Начались экзамены. Время экзаменов я всегда любила, еще когда была девочкой. И здесь мне не очень трудно было учиться, тем более, что я не пропускала ни одной лекции и вела записи. Учиться для меня было большим удовольствием, тем более, что стремление стать хорошим врачом придавало силы. Экзамены проходили в виде беседы с профессором, так что они даже были интересны. Особенно мне нравилось беседовать с профессором Феноменовым[24]. Он умел предлагать вопросы так, что на них было легко отвечать. Про него я часто думала: какой это замечательный человек, ему бы не профессором быть, а епископом. Книга его «Хирургическое акушерство»[25] написана удивительно талантливо и увлекательно, эпиграф к ней взят из книги Бытия. Я не знаю лучшего учебника по медицине, несмотря на то, что она посвящена такому предмету. Я готова была не один раз сходить к нему на экзамен и удивлялась, что другие шли с таким страхом и неудовольствием.

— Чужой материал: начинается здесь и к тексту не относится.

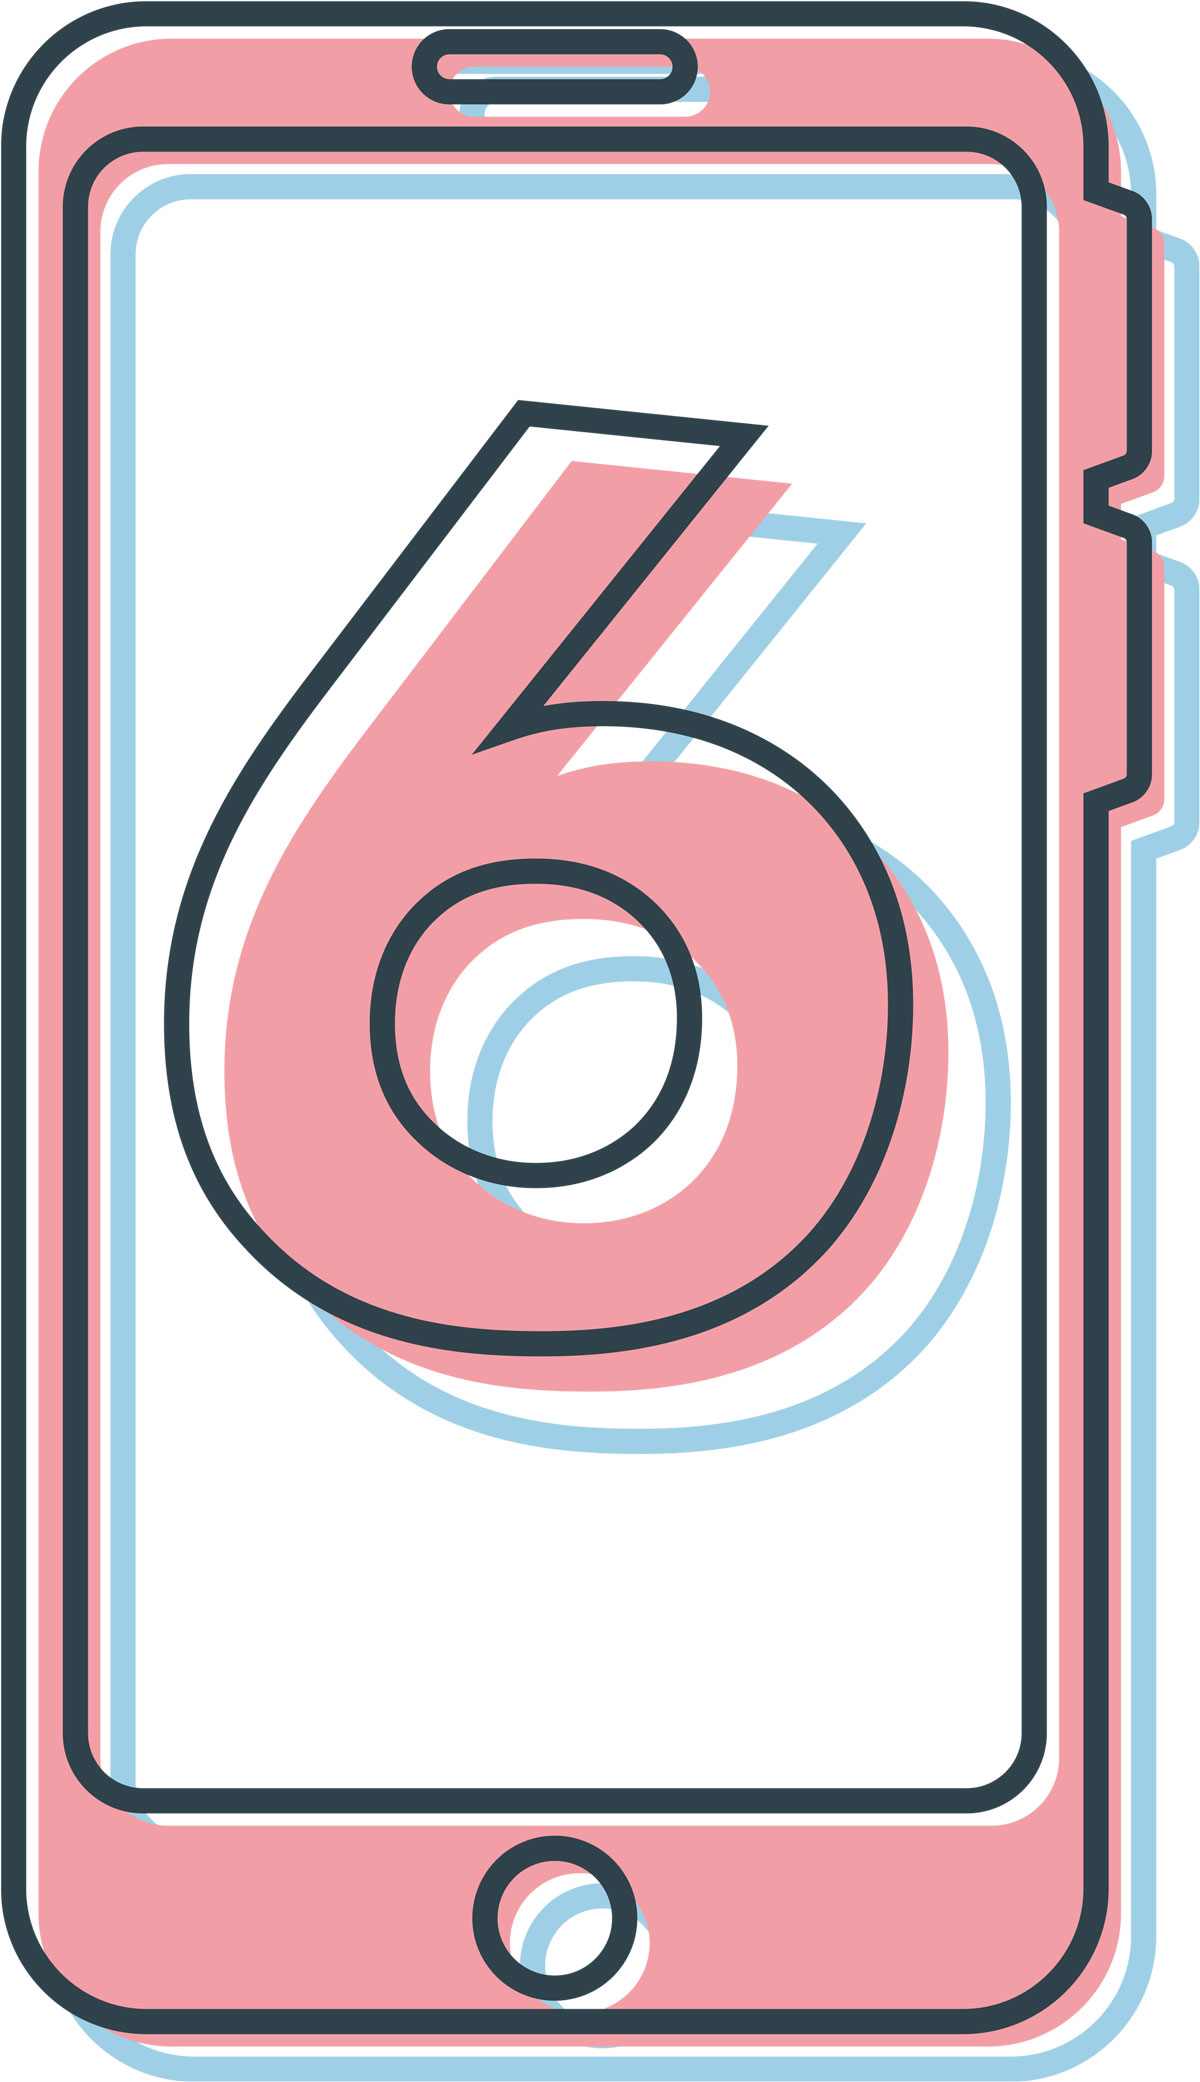 No. 6 inside a smartphone graphic

Интересно было и у профессора Бехтерева[26], но здесь я была смущена: профессор предложил мне остаться в его клинике ассистентом. Надо было бы принять это за честь для себя, а я как будто испугалась: «Нет, не могу, я всегда стремилась в земство и готовилась для этого».
[24] Феноменов Николай Николаевич (1855-1918) — акушер-гинеколог. В 1899-1905 гг. возглавлял кафедру акушерства и гинекологии Санкт-Петербургского Женского мединститута. Предложил несколько модификаций гинекологических операций, изобрел и усовершенствовал ряд акушерских инструментов, некоторые из которых носят его имя.
[25] Точное название книги: «Оперативное акушерство». 1-е издание, Казань, 1892; 6-е издание, СПб., 1910.
[26] Бехтерев Владимир Михайлович (1857-1927) — невролог, психиатр, психолог. Положил начало отечественной нейрохирургии. В 1908 г. организовал Психоневрологический институт. Его именем названа болезнь, которую он впервые описал — одеревенелость позвоночника с искривлениями.